An aerobic training plus diet group that walked briskly for 45 minutes four days a week at an intensity of 12-14 on the Borg RBE scale.
A control group that dieted but did no additional exercise.
Results showed that after 18 months the strength training plus diet group had by far the best results, losing more body fat and less muscle mass than the other two groups. The strength training group lost about 17 pounds of fat and only about 2 pounds of lean mass. The aerobic training group also lost a significant amount of fat, shedding 16 pounds, but they also lost 4 pounds of muscle. The control group that did no exercise lost about 10 pounds of fat and 2 pounds of muscle.
The percentage of muscle mass lost was 20 percent in the aerobic training group, 16 percent in the diet alone group, and 10 percent in the strength training group.
The study authors highlight the negative impact of losing muscle mass for older adults: Not only is it unlikely that people over 50 who lose muscle will ever gain it back, but the drop is associated with declines in strength and mobility—a combination that will increase risk of chronic pain and reduced ability to move due to increased arthritis and a loss of strength in the muscle that stabilizes joints. Additionally, when weight fluctuates, older adults are more likely to regain fat rather than muscle, further compromising body composition.

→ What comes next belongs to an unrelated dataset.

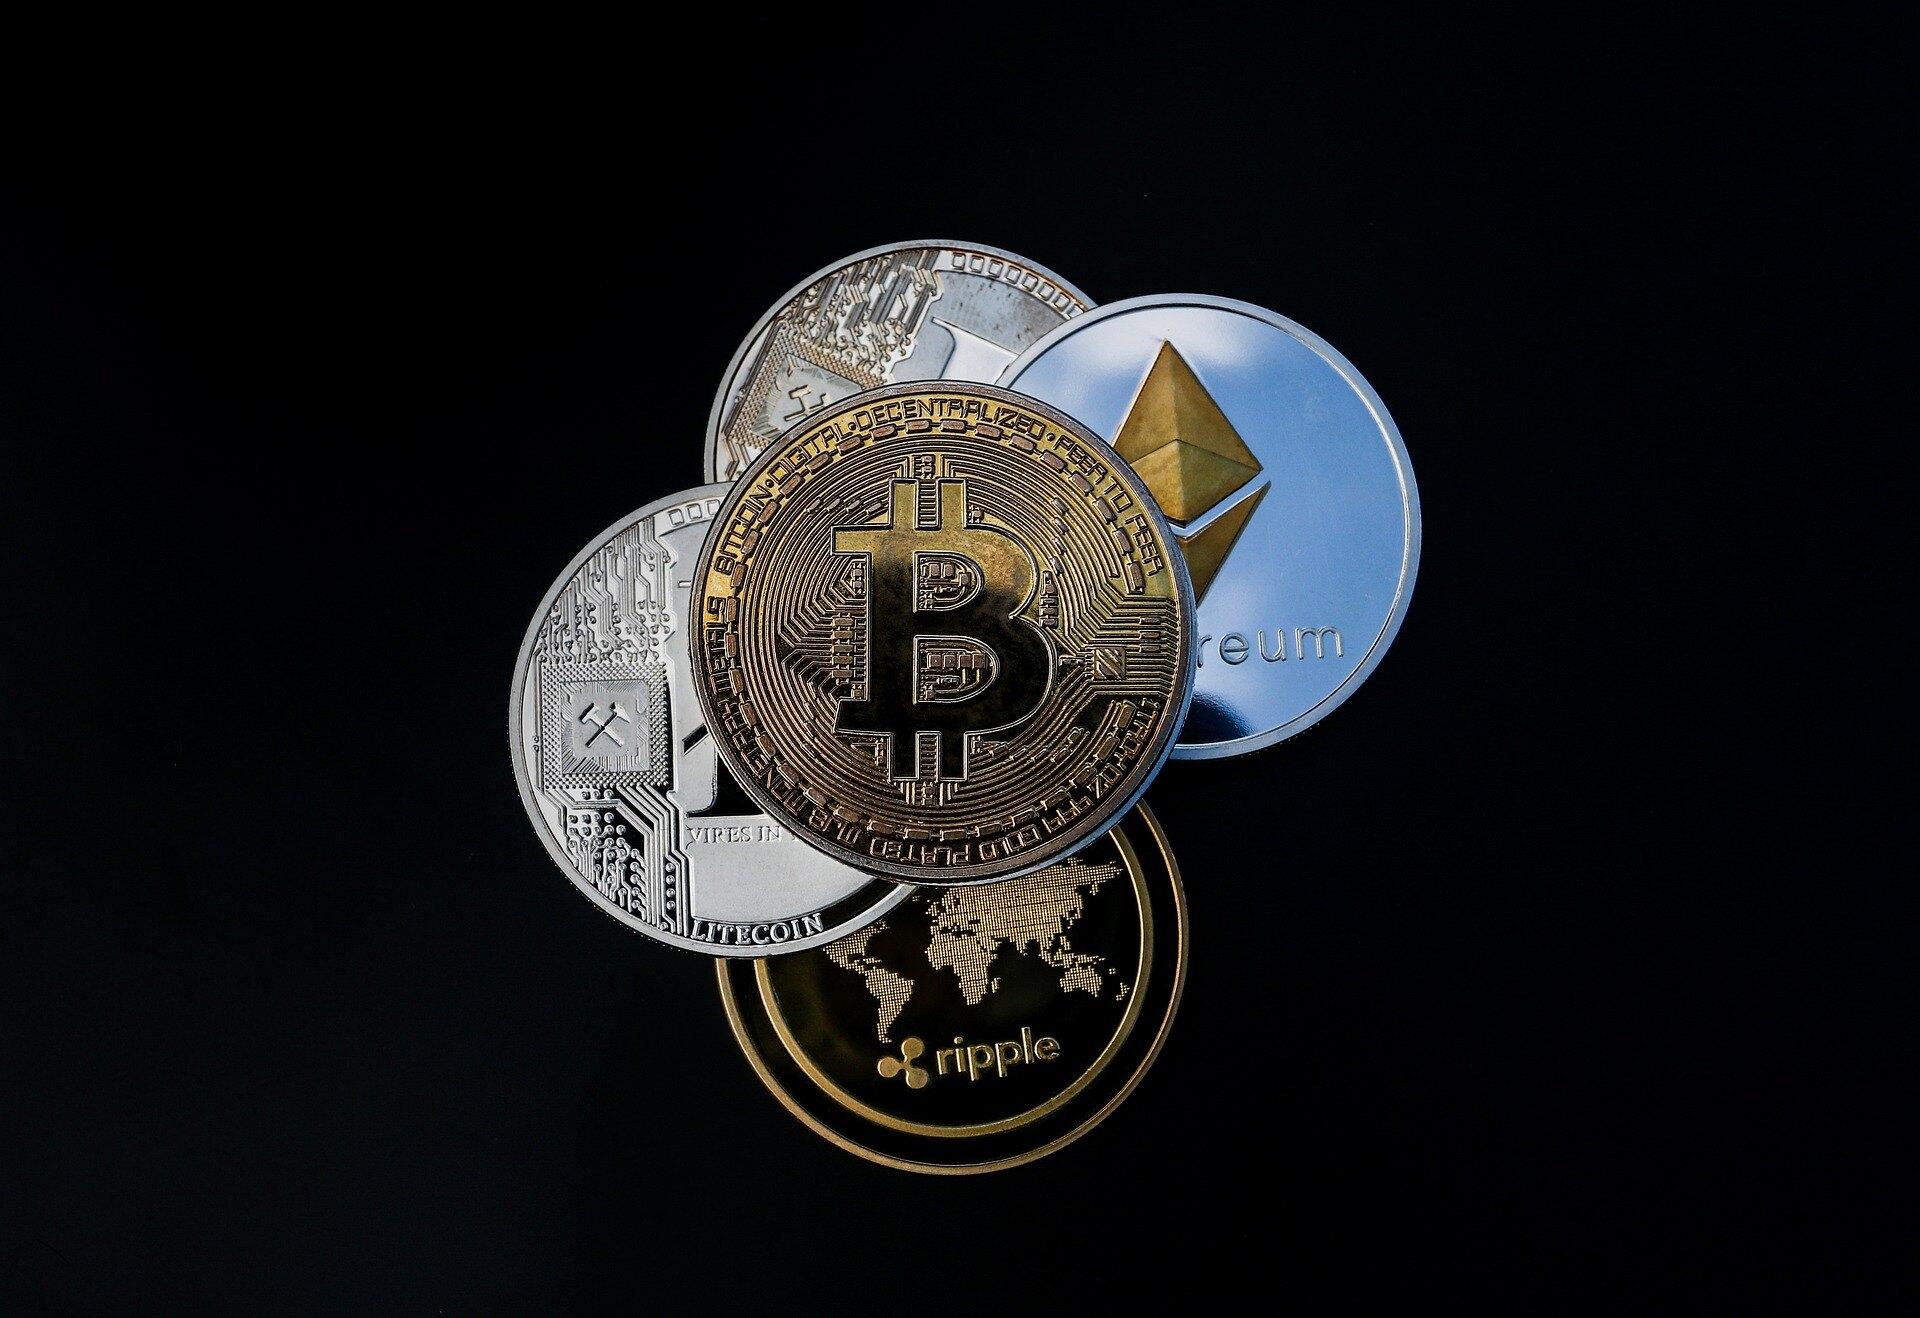 A golden bitcoin crypto coin sitting on top of a silver ethereum crypto coin and three other coins with a black background.

This doesn’t mean that aerobic exercise should be avoided. Rather, it’s important for older adults to incorporate both anaerobic and aerobic modes with a combined strength and cardio exercise program. Additionally, there are cardio options that will reduce the loss of lean mass when dieting: Training with resistance, such as by walking on an incline, doing stair climbing, or cycling on a resisted bike will reduce the loss of muscle from cardio. Doing intervals that alternate higher intensity efforts interspersed with active recovery can also help preserve muscle during fat loss.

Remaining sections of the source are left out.